===== Provided data =====
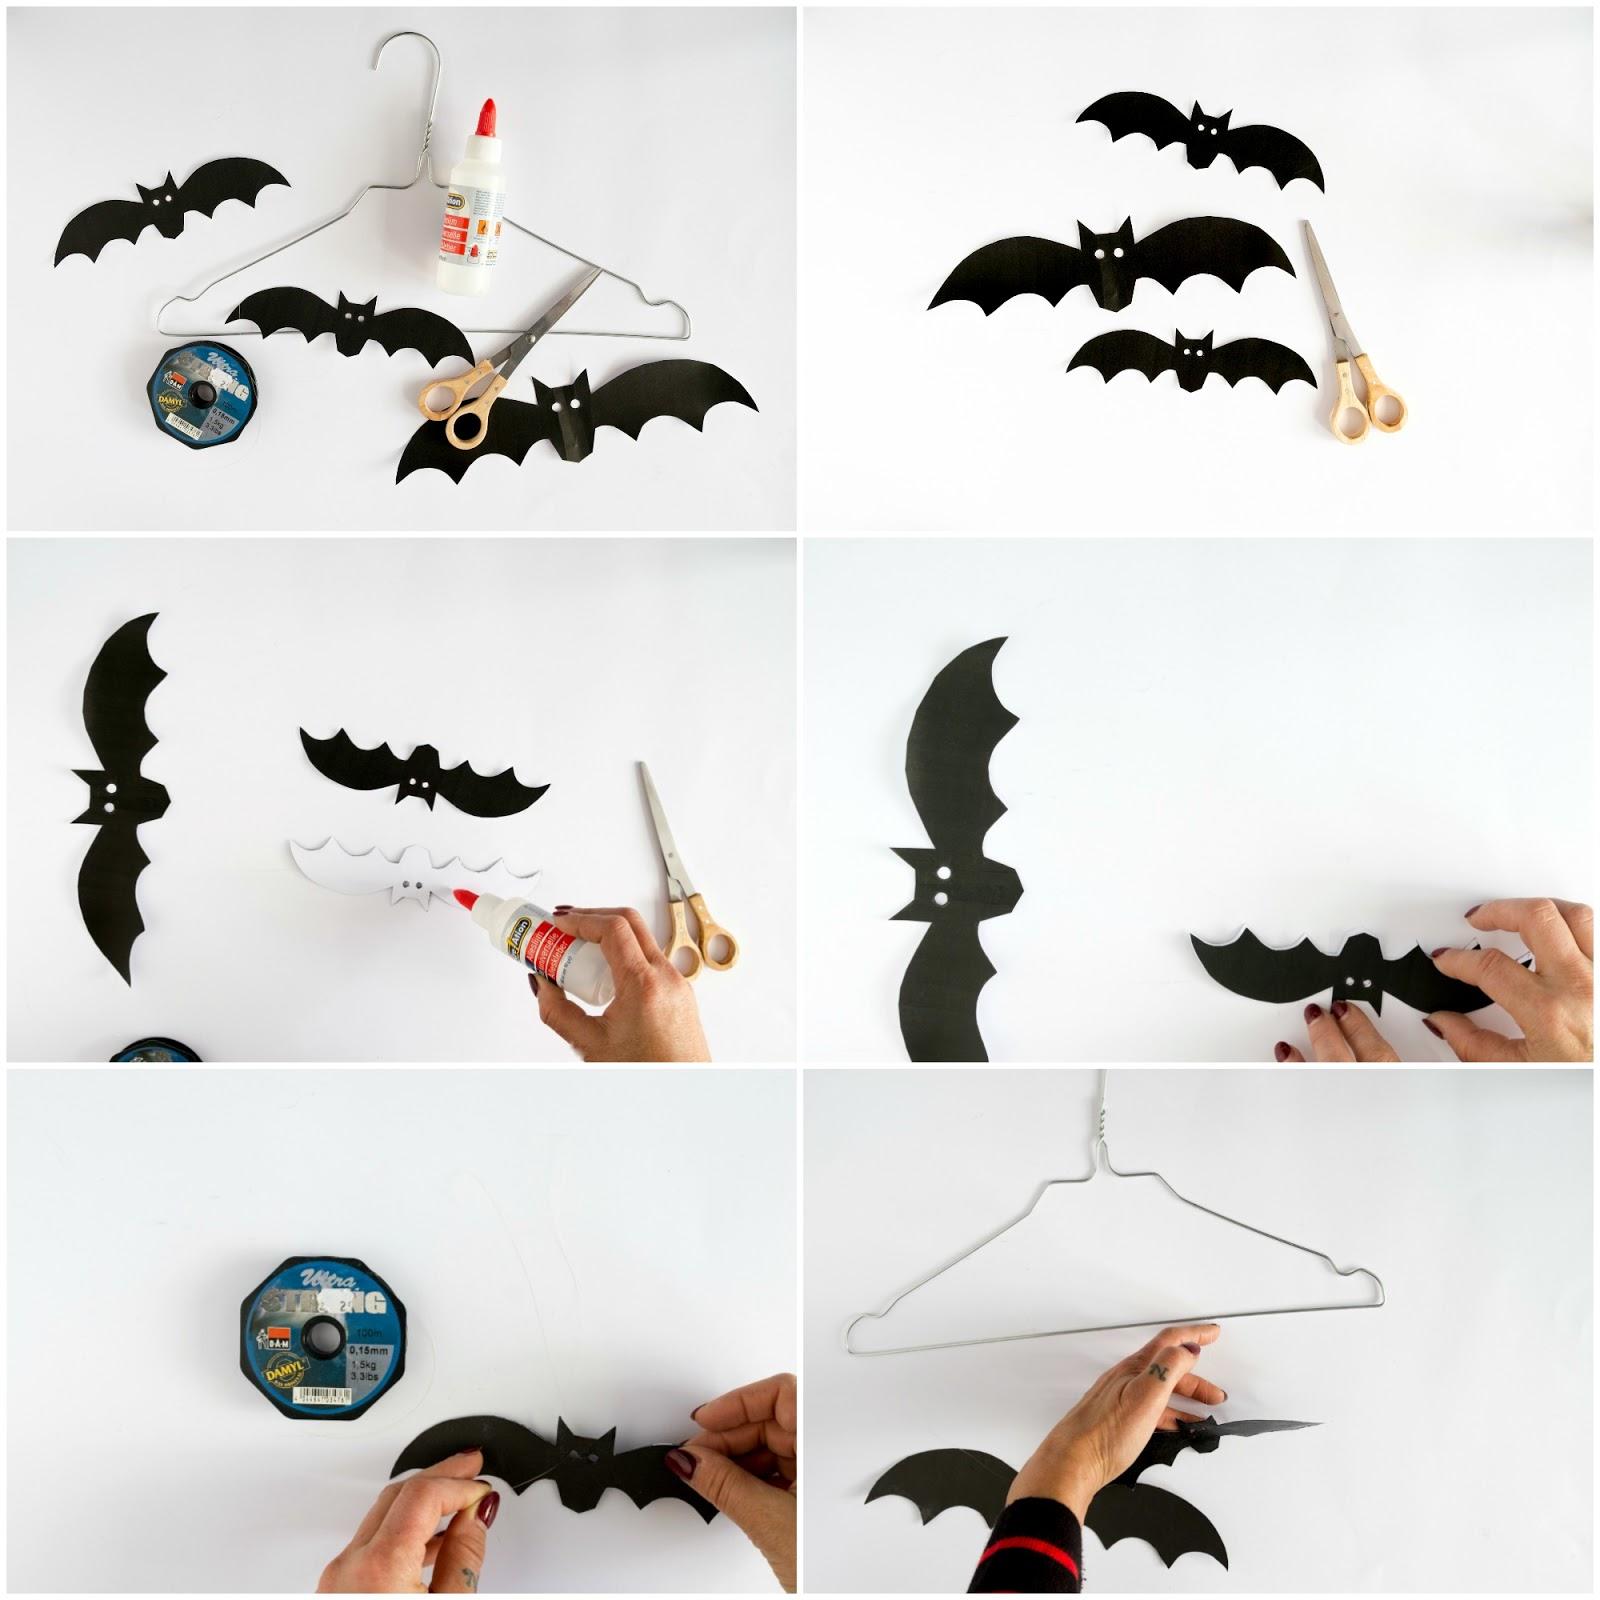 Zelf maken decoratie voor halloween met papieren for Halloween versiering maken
=====
===== Provided data =====
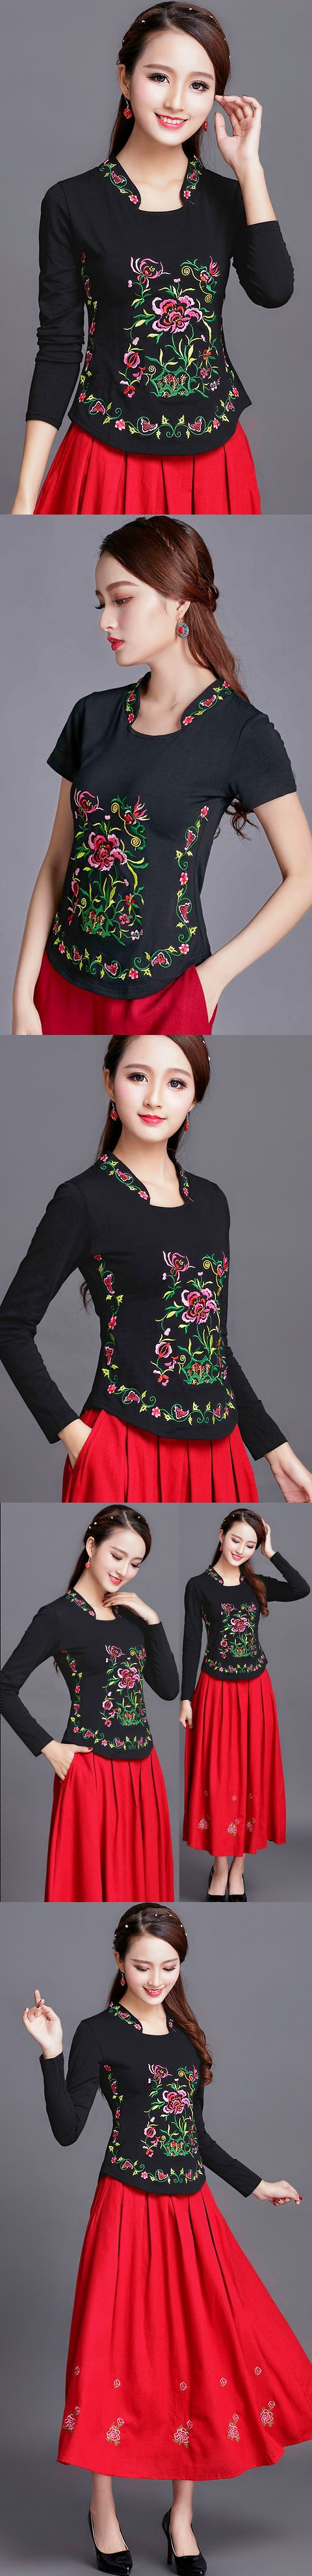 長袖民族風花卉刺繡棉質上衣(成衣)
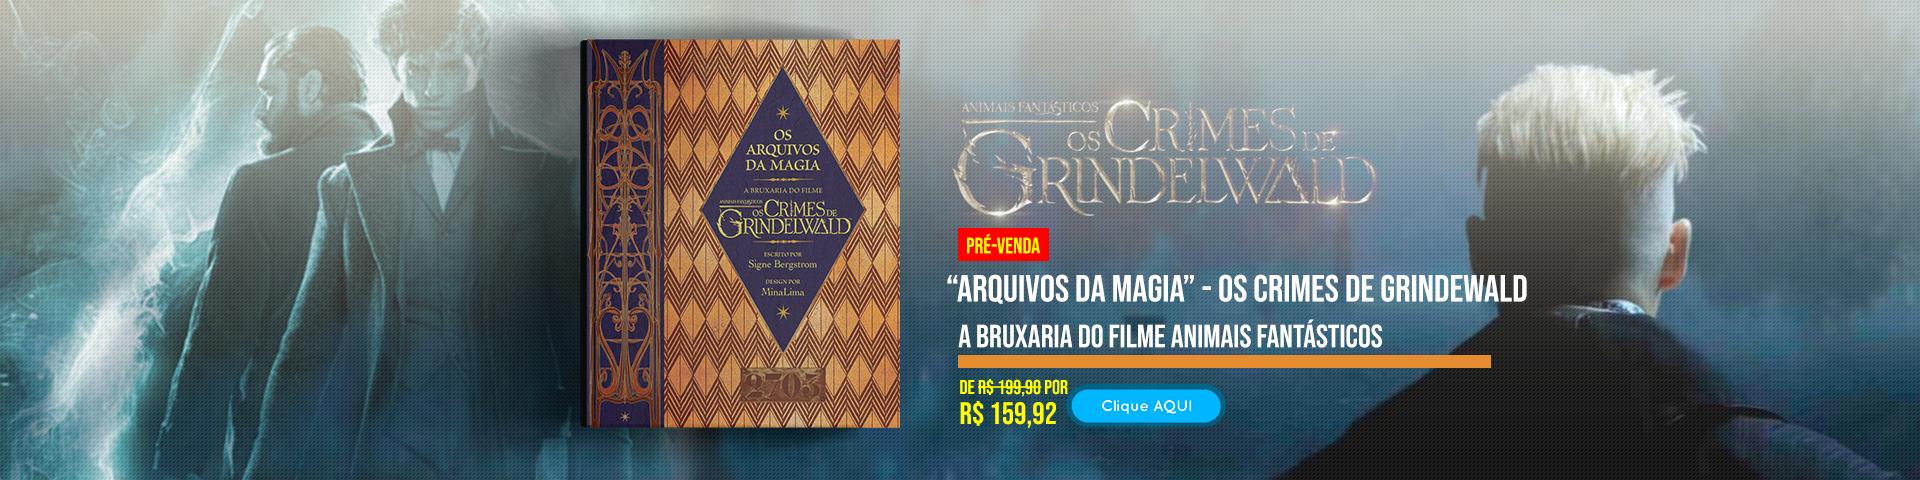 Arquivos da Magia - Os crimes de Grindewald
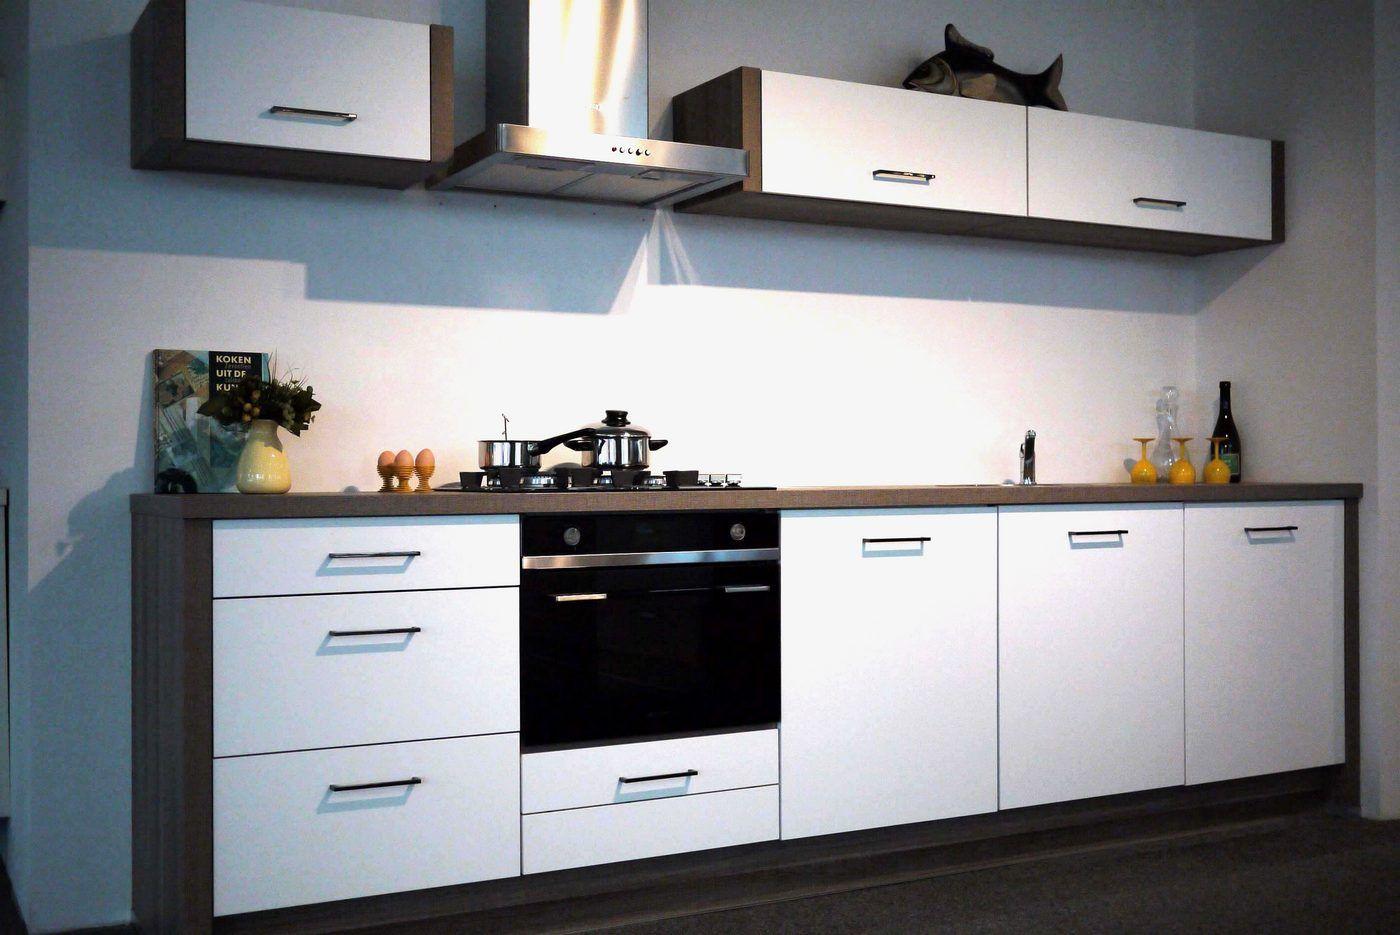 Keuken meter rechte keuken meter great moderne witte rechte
=====
===== Provided data =====
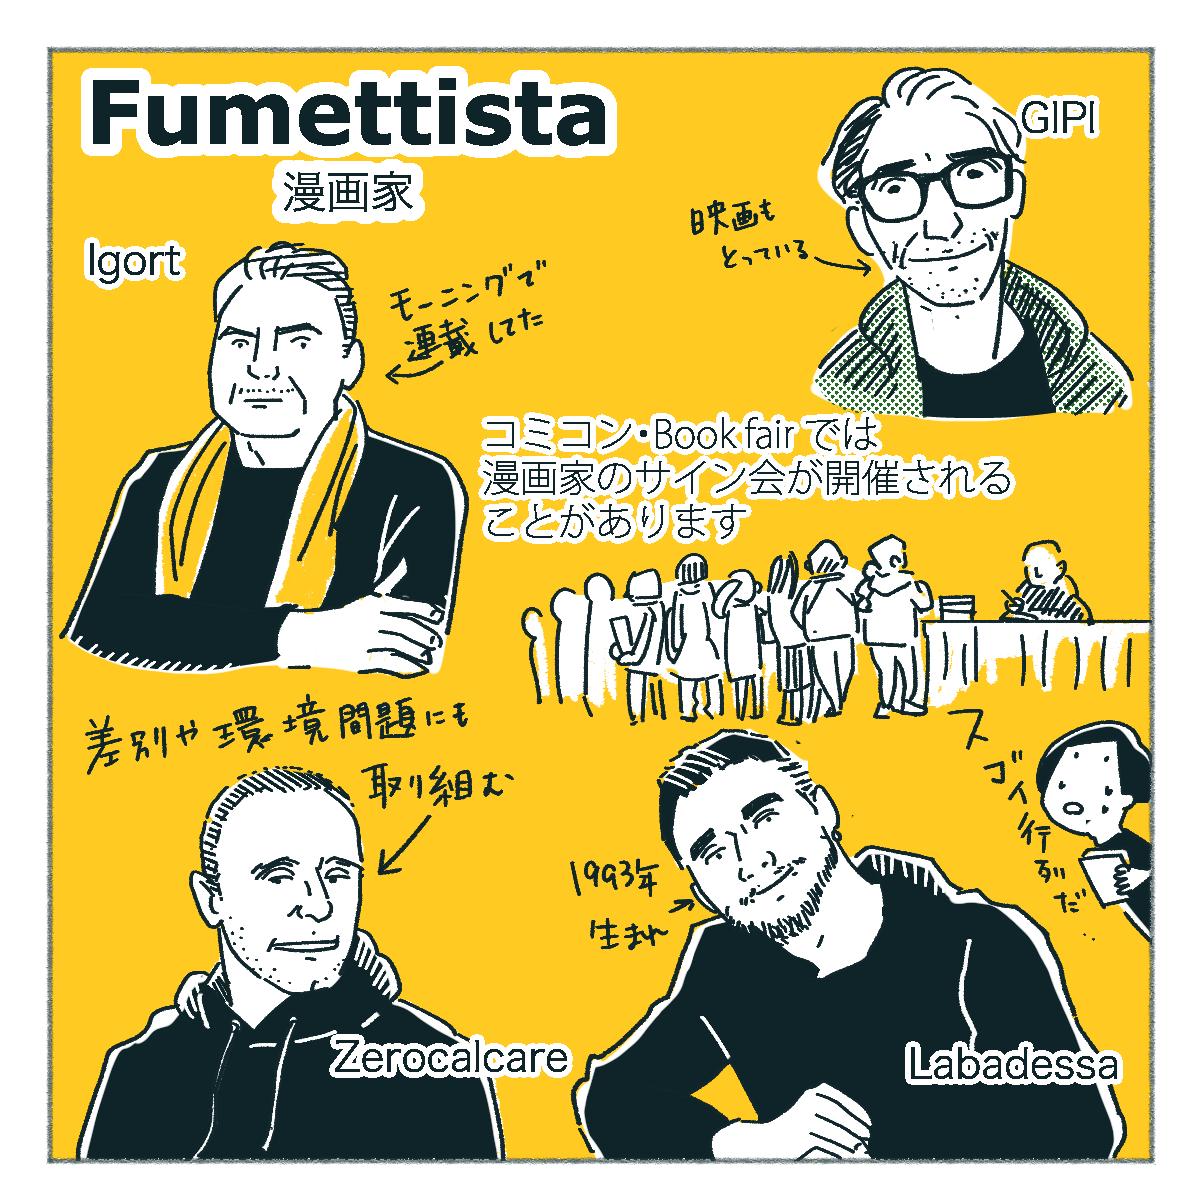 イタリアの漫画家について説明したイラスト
=====
=== What the task requires ===
Leaving out each picture, repeat exactly the lines above from the one that contains "長袖民族風花卉刺繡棉質上衣(成衣)" through the one that contains "Keuken meter rechte".

=== Written solution ===
 長袖民族風花卉刺繡棉質上衣(成衣)
 Arquivos da Magia - Os crimes de Grindewald
 Keuken meter rechte keuken meter great moderne witte rechte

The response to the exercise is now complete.